Ризорх заглянул через плечо, покачал головой.

– На печатке Любь–птица. Женское колечко–то. А работа незнакомая, наши так не умеют.

– Сейчас никто так не умеет. Это медынская работа.

– Ой!.. – совершенно не по–взрослому пискнул Скор.

Ещё бы, золото медынское только в сказках поминается, да и то не понять, добром или худом. Карла–чародей – халат парчовый, перстки медынские: каждое кольцо со злой волшбой. Так ведь и Краса Ненаглядная суженому колечко дарит золота медынского, тоже волшебное, чтобы мог суженый пропавшую Красу сыскать. А тут – медынская золотина в земле лежит и сама в руки Скору подкатилась. Вот только не отдадут колдуны найденное сокровище. Похерят крепкое правило: находка – нашедшему. Конечно, чудесина прежде должна быть проверена колдунами, а сколько её времени проверять, один колдун знает, но не скажет.

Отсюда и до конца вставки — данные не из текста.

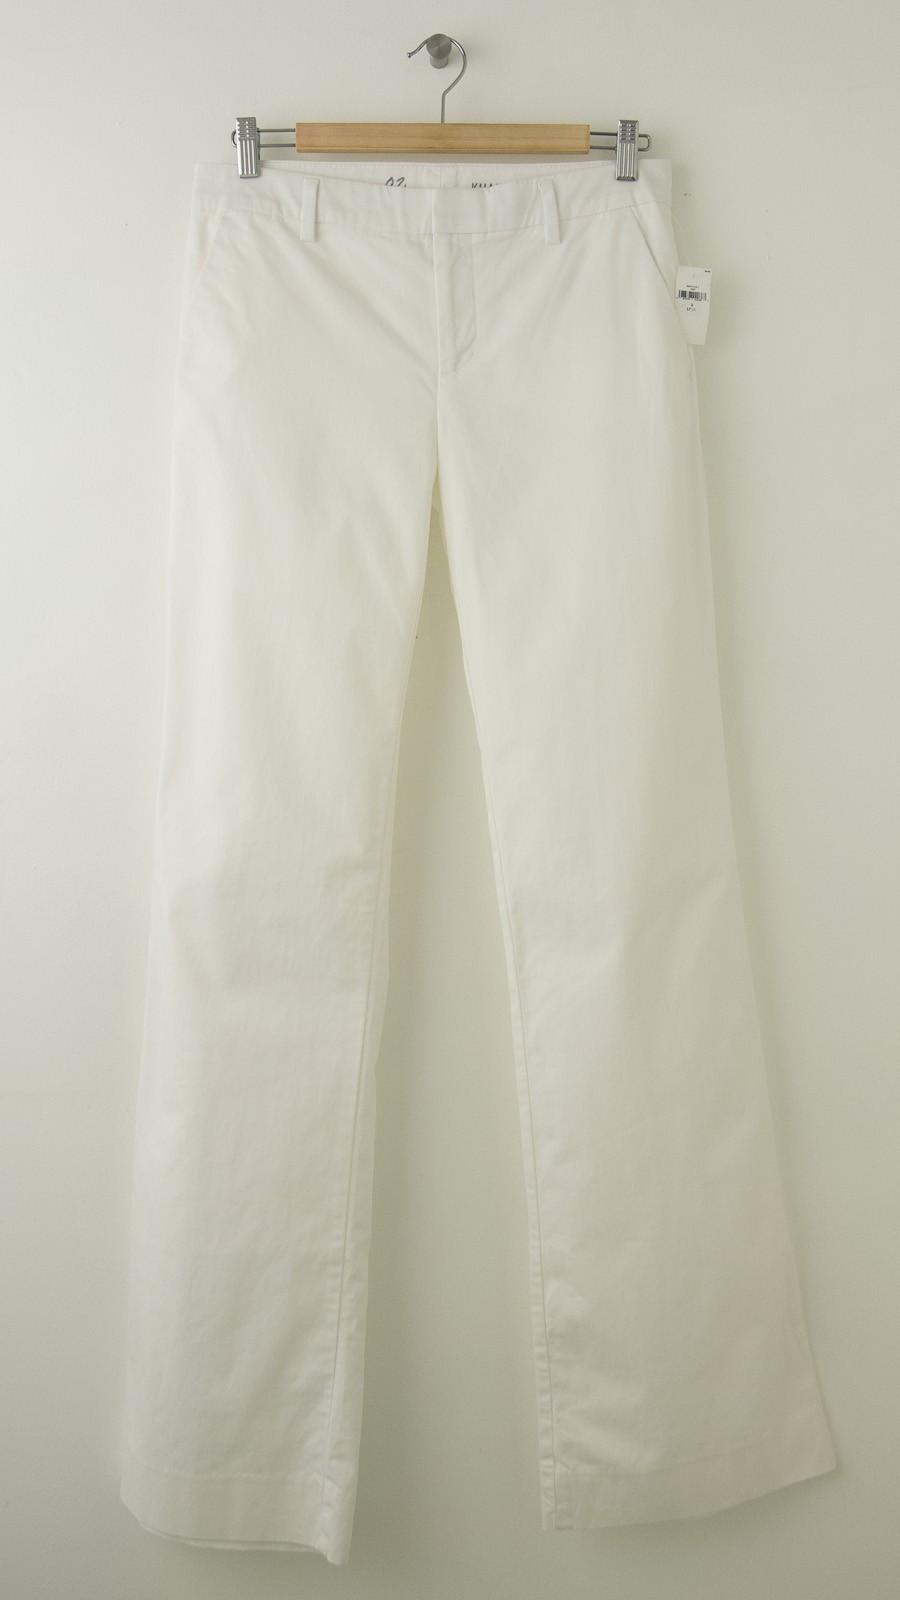 Elegant White Pants  White Pants 2016  Part 557

– Такая вещь так просто не теряется, – веско произнёс Потокм. – Был бы простой пожар, народ бы всю землю ситом просеял, но колечко сыскал бы. Значит, некому было кольцо искать. Скажи людям, Скор, чтобы глаза разули. Место битое, мало ли что тут ещё в земле лежит. А колечко твоё у меня побудет, покуда не прознаю, какая в него сила влита.

Как в воду глядел! Не отдали волхвы кольца!

Скор вздохнул покорно и побежал к землекопам с тревожной вестью.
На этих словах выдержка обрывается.